Pero PPT le habla también a subjetividades flexibles (y flexibilizadas) en relación con el trabajo, los vínculos familiares y en general a subjetividades post-disciplinarias que no reverencias viejas formas de autoridad. Junto a estos elementos de circulación y flexibilidad encontramos también un valor-velocidad (subjetividadzapping, oportunista, de calle y de red).

¿Existe un potencial de efectividad política, además de comunicacional, en este régimen de signos? El cacerolazo es un tipo de organización política que liga muy bien con estos modos relativamente desterritorializados de los centros urbanos (en oposición por ejemplo, al piquete como forma muy territorializada). Necesitamos entender, darle una lectura más adecuada a estas disposiciones corporales concretas heredadas del neoliberalismo, formas de desterritorialización relativa específicamente capitalistas: libre cambio de moneda, libre intercambio, autoempresarialidad.  Es un fenómeno de movilidad sí, pero relativa, en la medida en que reconduce toda actividad, todo movimiento a la forma mercancía, a la forma valor.

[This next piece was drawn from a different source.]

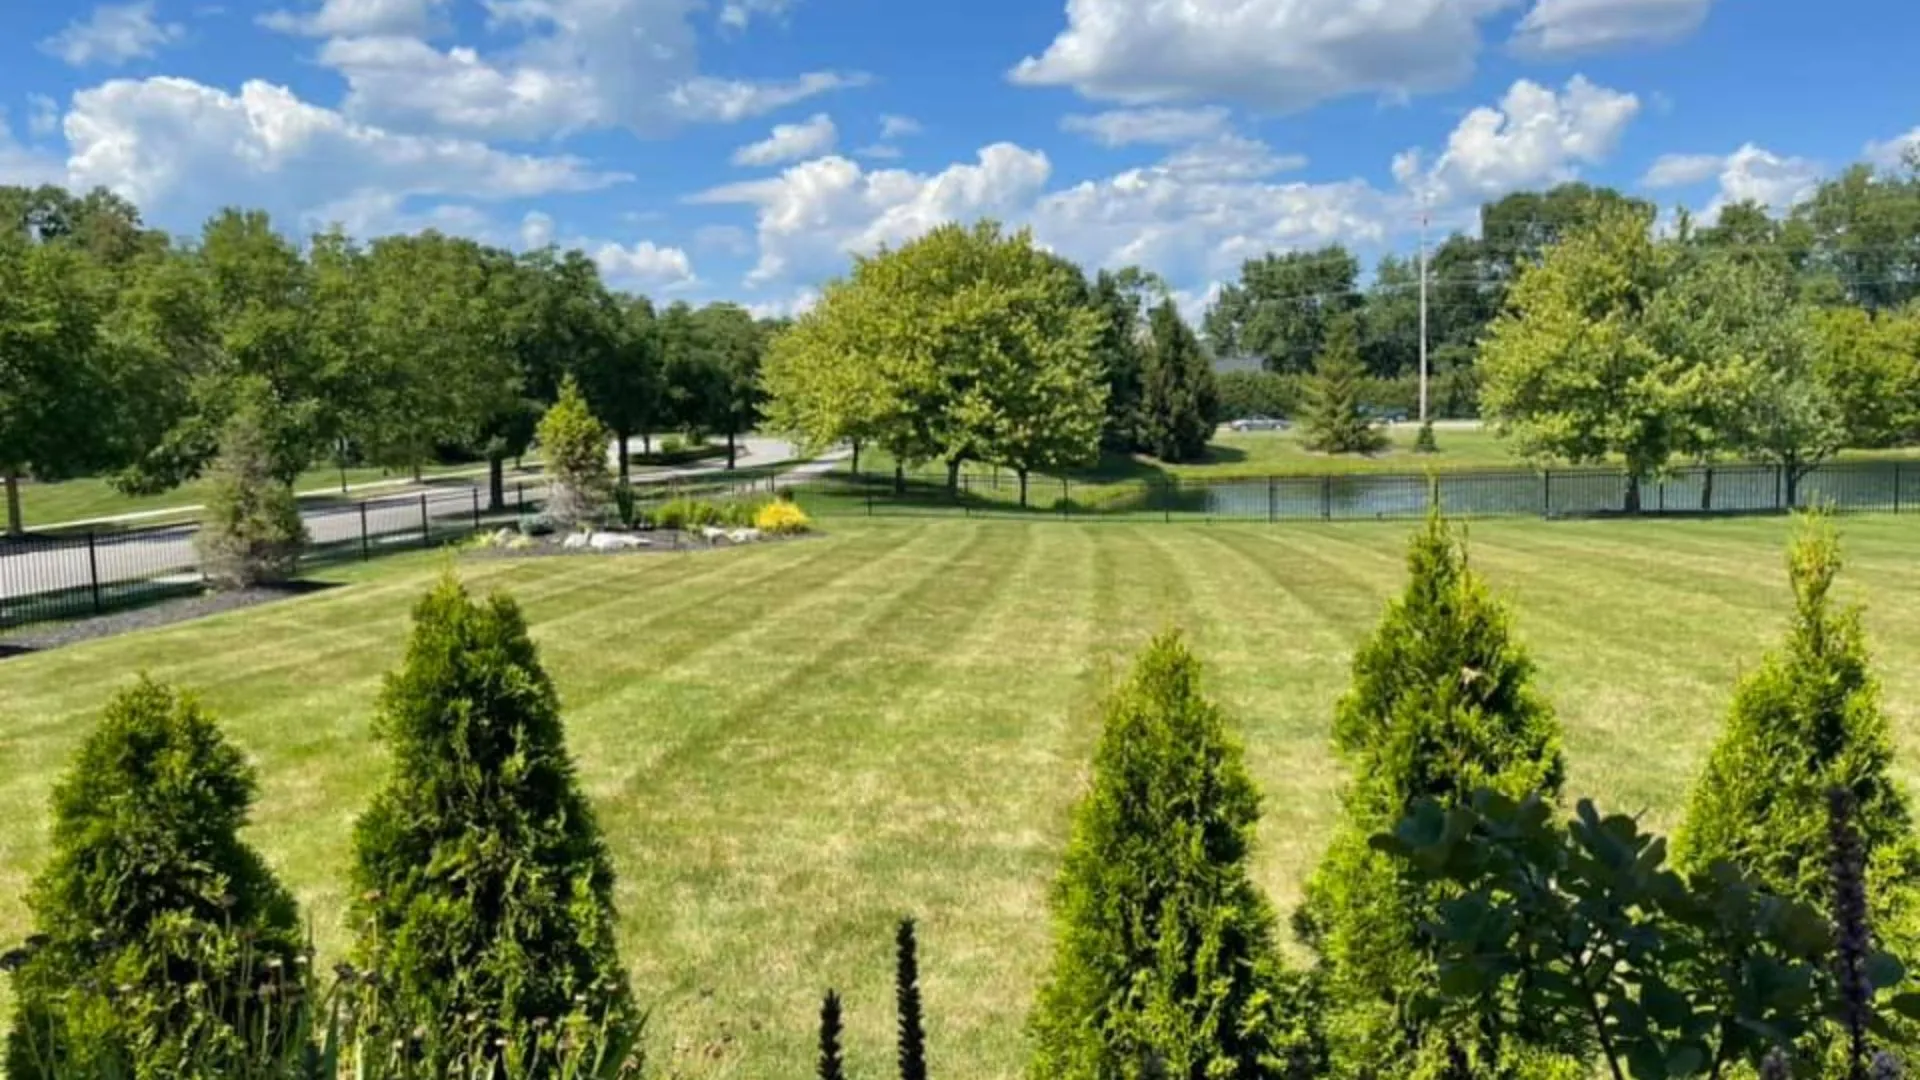 Lawn maintained and mowed by Precision Cutz in Avon, IN.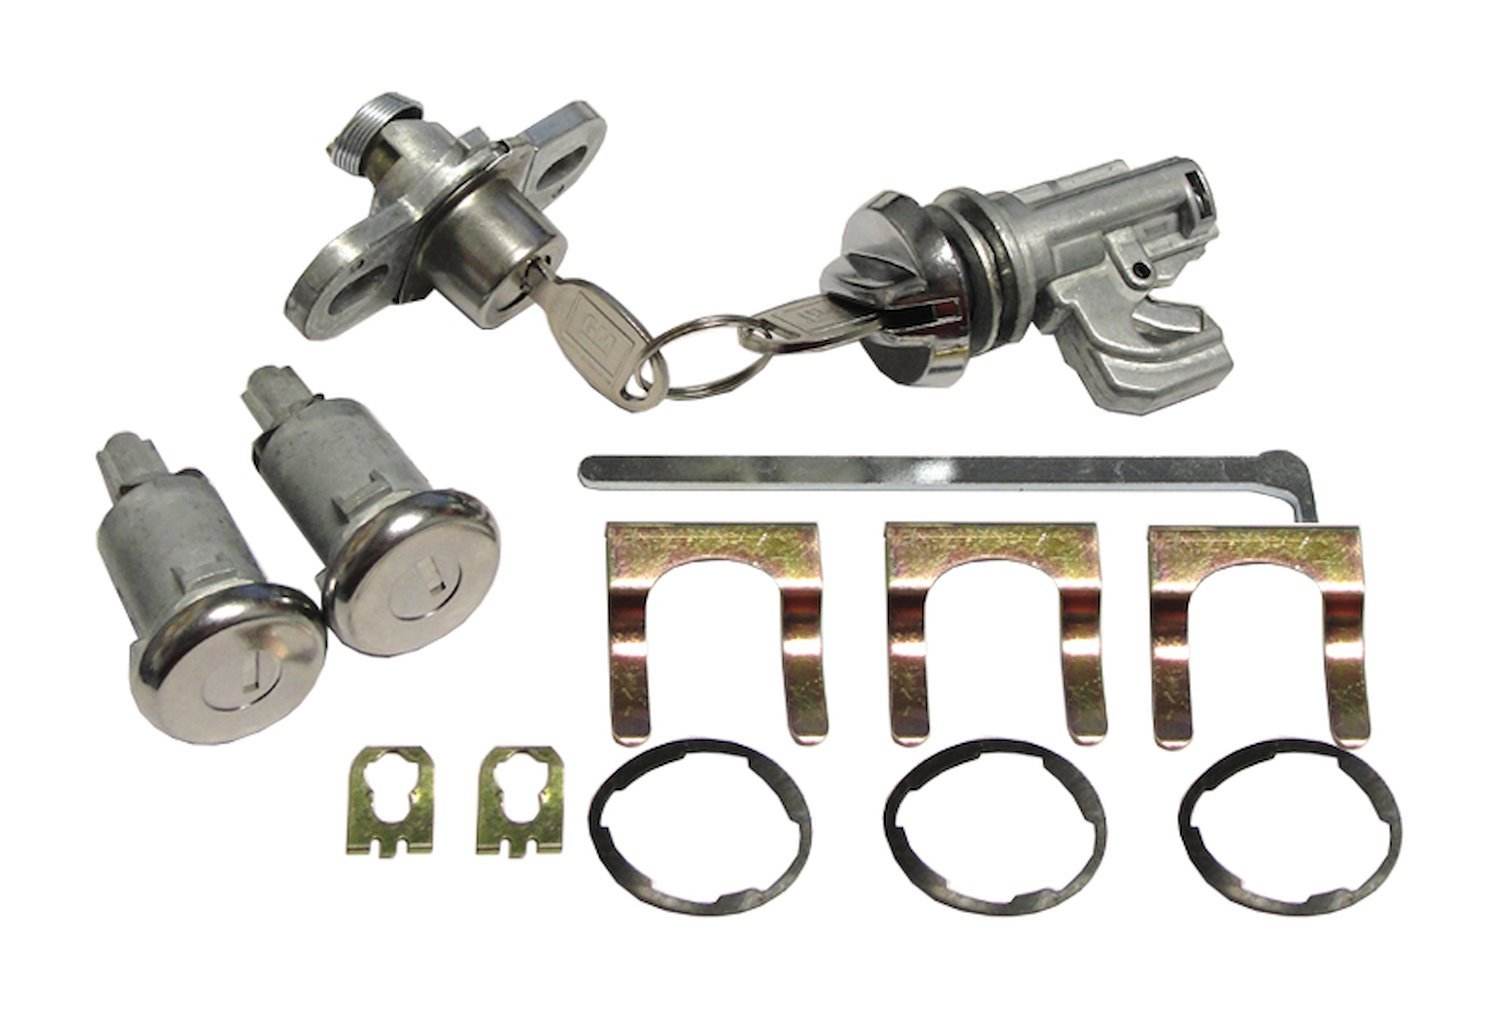 Door, Trunk & Glovebox Lock Set for 1974-1977 Chevrolet Camaro With Long Shaft Cylinders [Oval Style GM Keys]

Por su cuenta el kirchnerismo también supone un juego de desterritorialización relativa, que se beneficiada de la alta desterritorialización previa (de cuerpos, asambleas, piquetes, derivas caceroleras urbanas, toma de fábricas, cartoneo; de enunciados: “sin patrón”, “que se vayan todos”, “dignidad”) efectuada por los movimientos sociales a partir de la crisis del 2001; y que opera un proceso posterior de ampliación del consumo, es decir, del desarrollo de diferentes axiomas a partir de los cuales ampliar el movimiento mercantil ligado a una reterritorialización a partir de nuevos accionas en el aparato del estado y en cierto uso de la memoria histórica.

En el kirchnerismo se reterritorilaza el movimiento social en los territorios, la juventud en la memoria histórica, y los flujos de mercado en gestión política.

PPT y UyO son enunciados límpidos, que no agotan el paisaje mediático, pero que nos permiten desplazar nuestra atención a los titulares políticos a la batalla por la percepción que se realiza hoy día, sobre todo a partir de los medios. Queda mucho por penar en esa dirección. Lo que quisimos mostrar es que para avanzar en esta línea poseen valor práctico conceptos como régimen de signos, y desterritorialización relativa. No como categorías, sino como imágenes plásticas. No como buenos alumnos, sino como función analítica de nuestro presente.